Of course, the Amazon comparison is not completely fair. Whilst it is using highly summarised information for the purpose of decision making the decisions are discrete and simple. Which computer game should I buy? What computer games did others that bought this one also buy? It is also an application that has a single user type – customer. Not only that, there are millions of users which makes design effort not only cost-effective but critical to generating revenue.

However, some of the design principles absolutely apply;

  1. Understand the decision (which reps do I need to coach to make more calls?)
  2. Understand the information required to make the decision (how many calls they have made, what is their target and what is the variance)
  3. Identify the actions that can be made as a result of decision making (reps may be incented, coached or disciplined)
  4. Link the information as closely as possible to the business process it supports (sales managers review activity levels every Friday morning)

Finally, this doesn't mean there is not a case for analysis. BI supports managers and not all decision making is predictable and routine. The business environment is continuously changing and each month or quarter will throw up new and interesting business challenges to solve.
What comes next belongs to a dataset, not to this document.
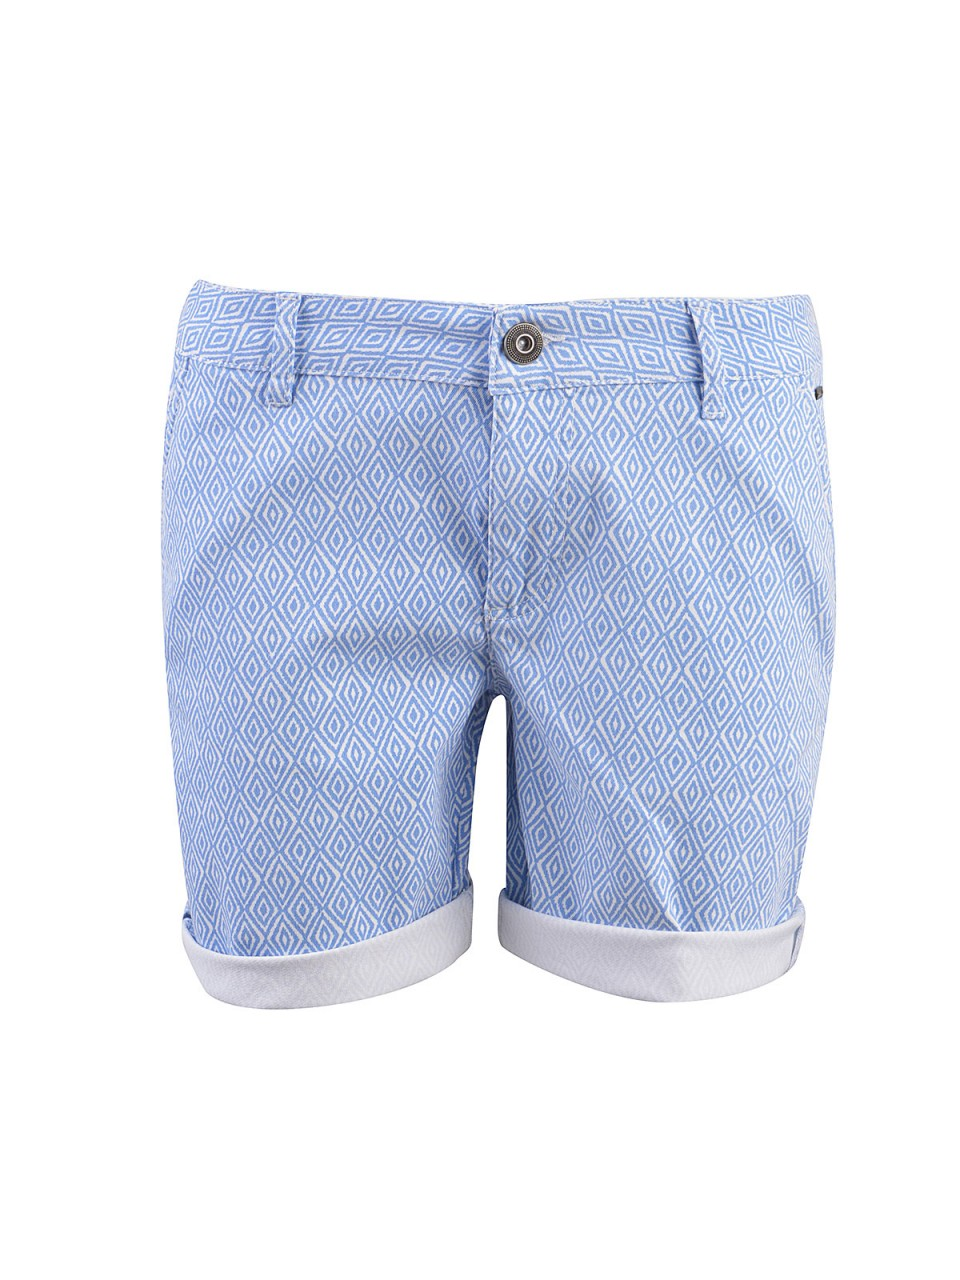 Hosen - SMITH SOUL Damen Shorts, blau  - Onlineshop Designermode.com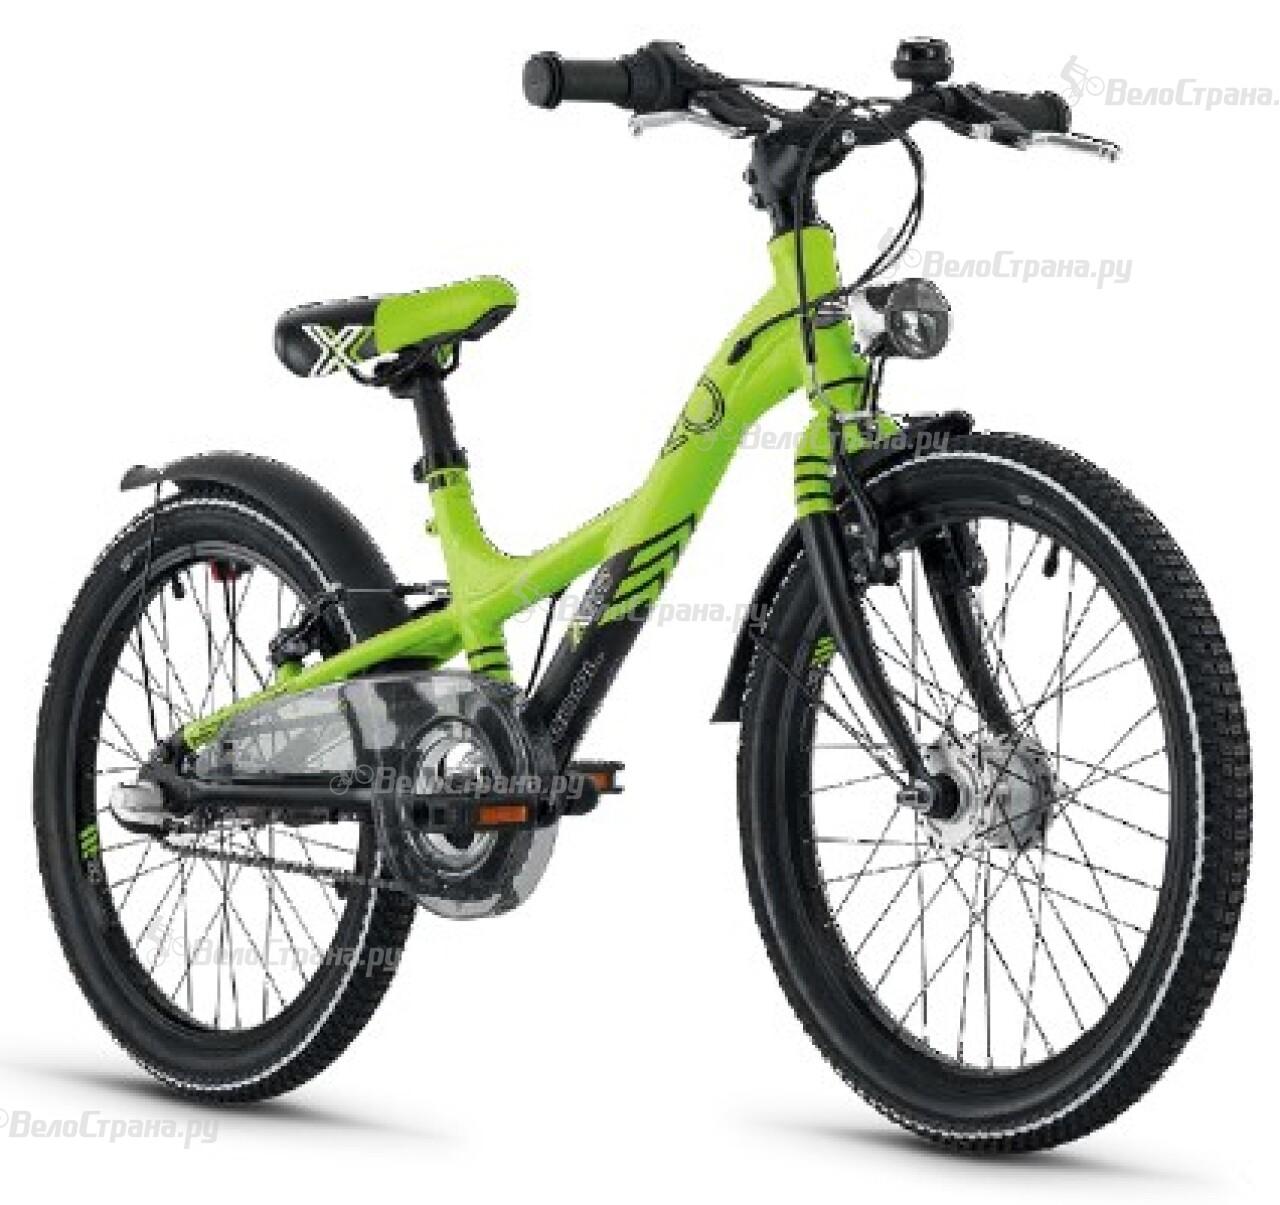 Велосипед Scool XX lite 20 3S (2014) цена

These can be subtle variants of historical business challenges or completely new. This is where decision makers need the flexibility to explore and analyse trends, exceptions and patterns to validate what is happening and determine the actions that they will take next.

The answer, as is often the case, lies in a combination of providing BI reports that support decision makers closest to the point at which they need to make the decision along with the flexibility we have come to expect from good OLAP tools.